__EXCERPTED RECORDS__.
#####
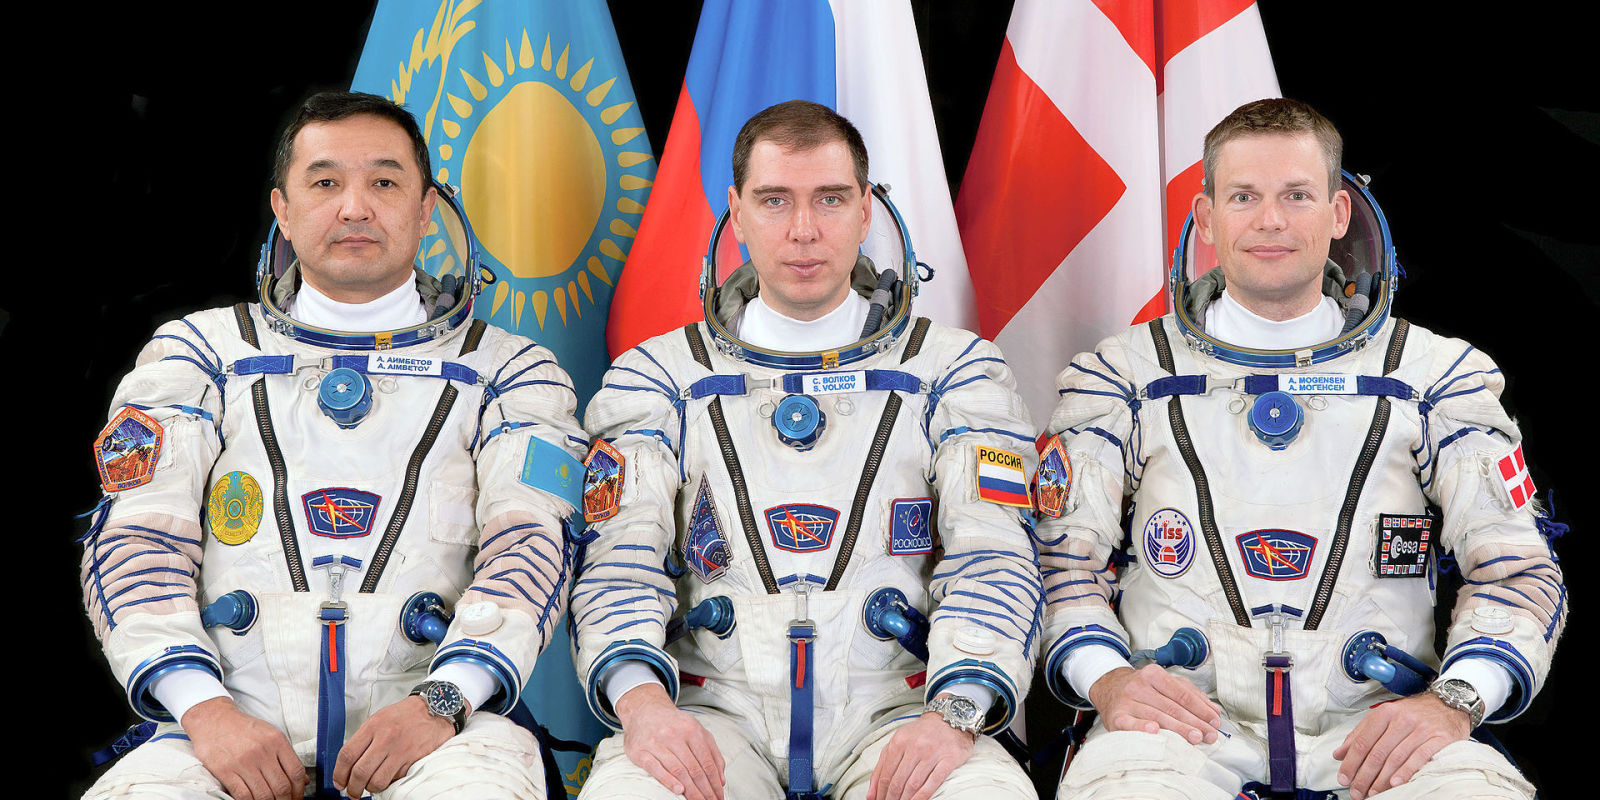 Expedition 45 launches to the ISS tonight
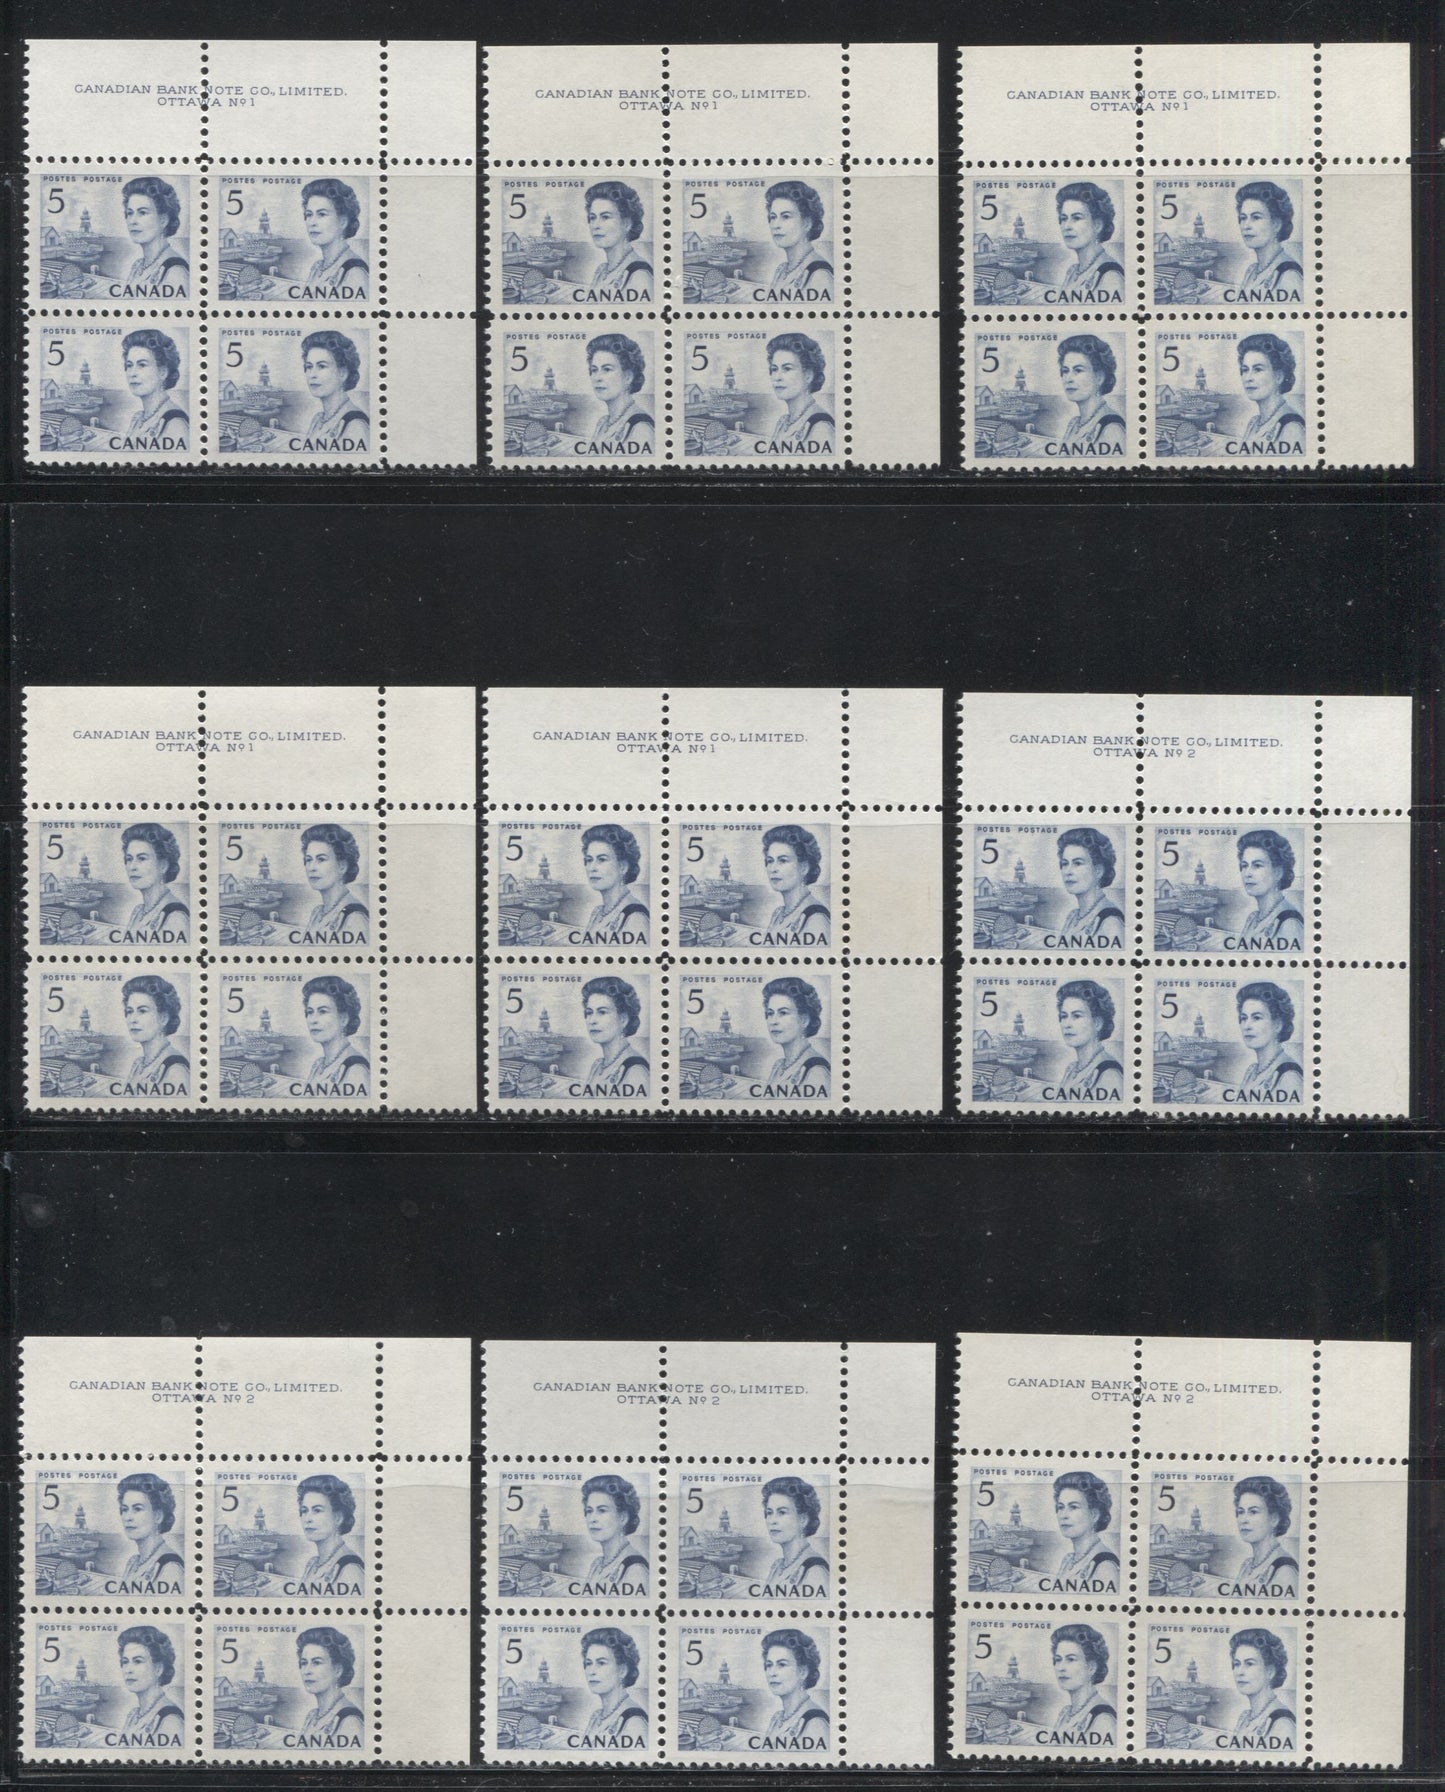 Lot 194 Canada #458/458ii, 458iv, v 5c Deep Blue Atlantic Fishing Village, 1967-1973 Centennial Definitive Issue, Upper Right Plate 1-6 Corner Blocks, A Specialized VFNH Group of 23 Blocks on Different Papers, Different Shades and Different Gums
#####
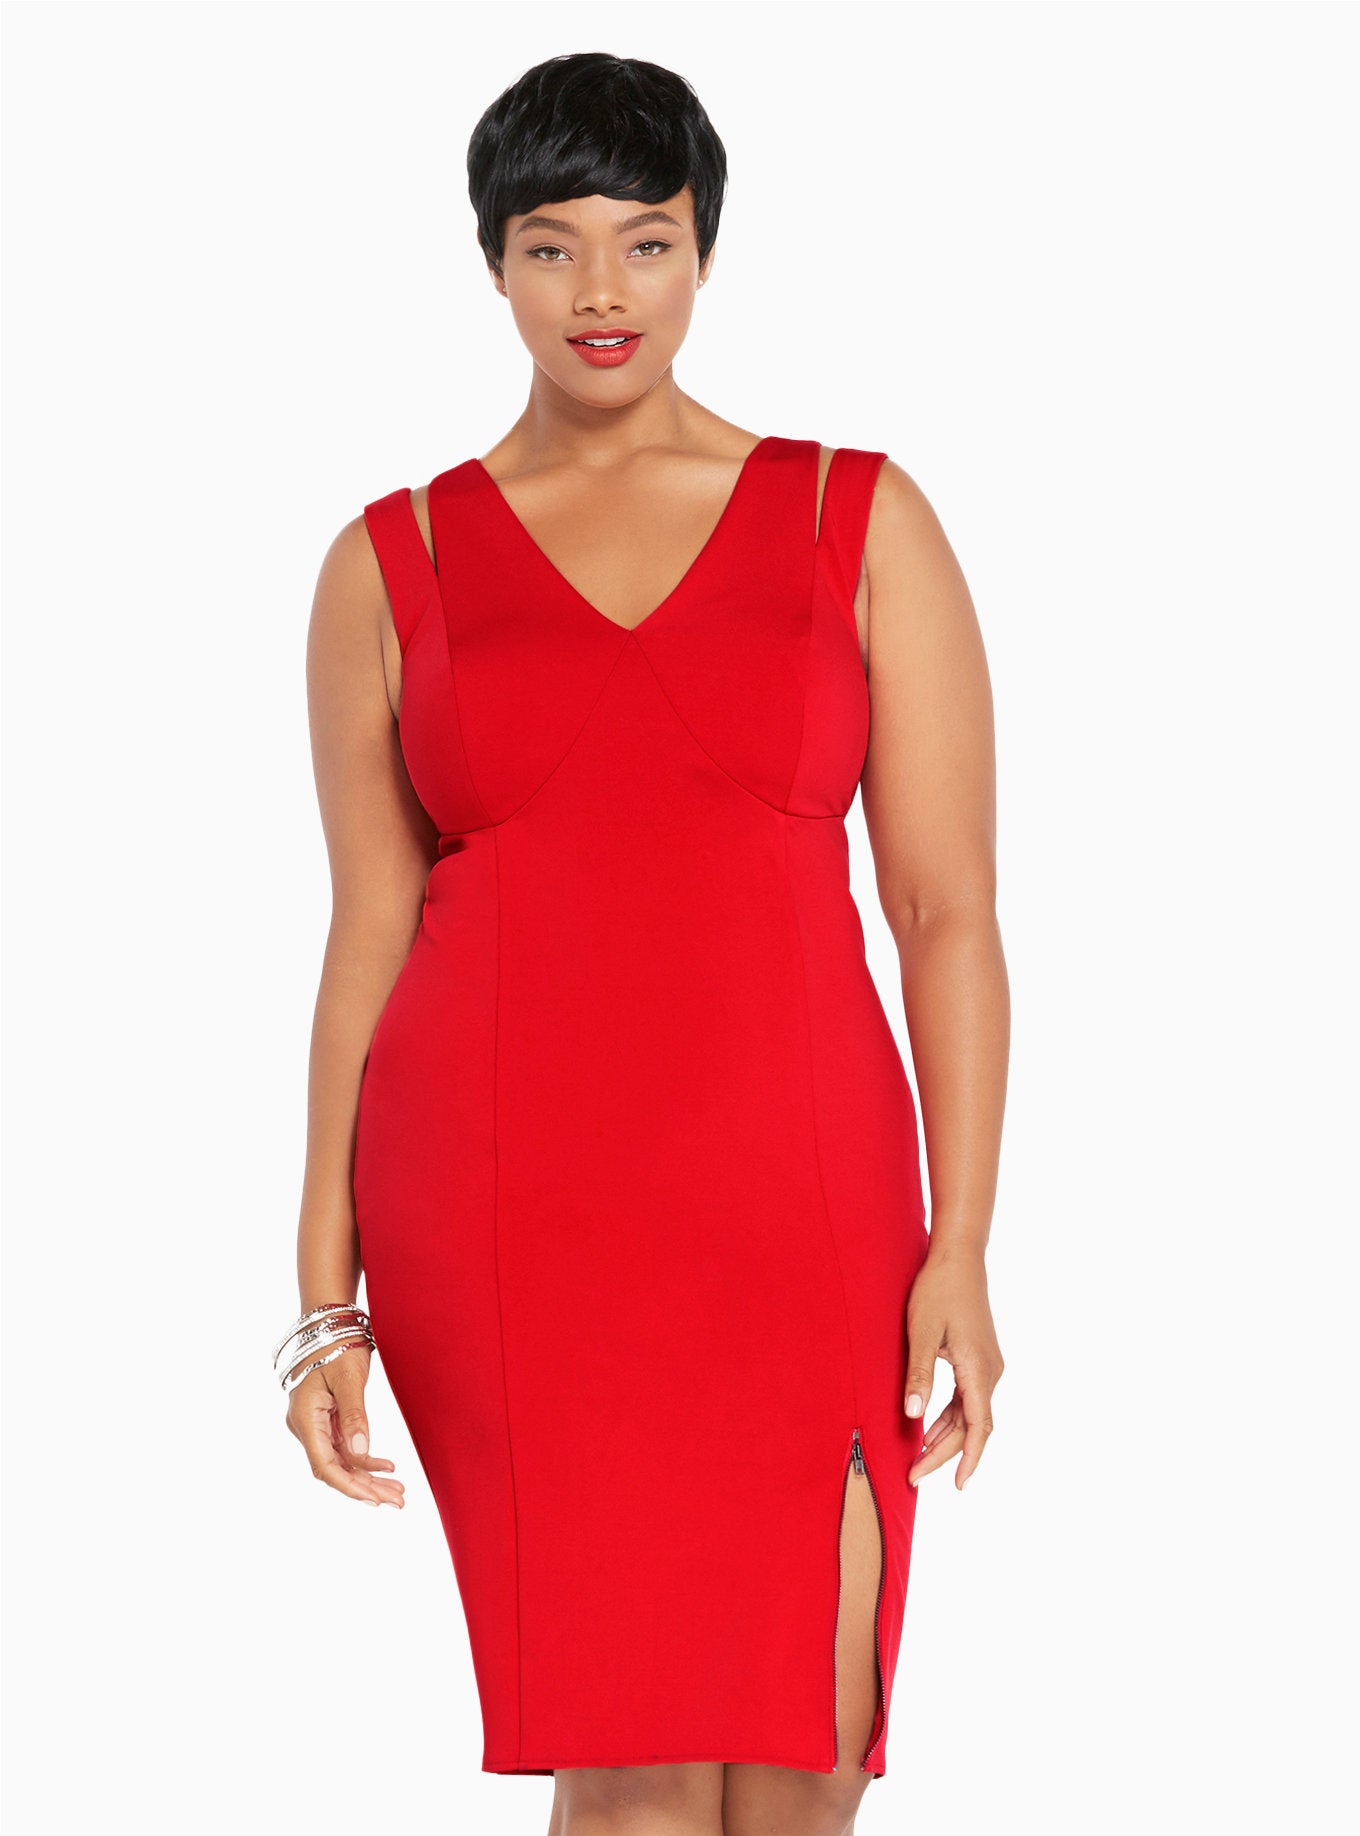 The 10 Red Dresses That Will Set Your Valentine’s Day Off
#####
What to print is the stretch of entries from the line with "Expedition 45 launches to the ISS tonight" up to and including the line with "Lot 194 Canada". Please print it exactly and leave out the pictures.

 Expedition 45 launches to the ISS tonight
 Lot 194 Canada #458/458ii, 458iv, v 5c Deep Blue Atlantic Fishing Village, 1967-1973 Centennial Definitive Issue, Upper Right Plate 1-6 Corner Blocks, A Specialized VFNH Group of 23 Blocks on Different Papers, Different Shades and Different Gums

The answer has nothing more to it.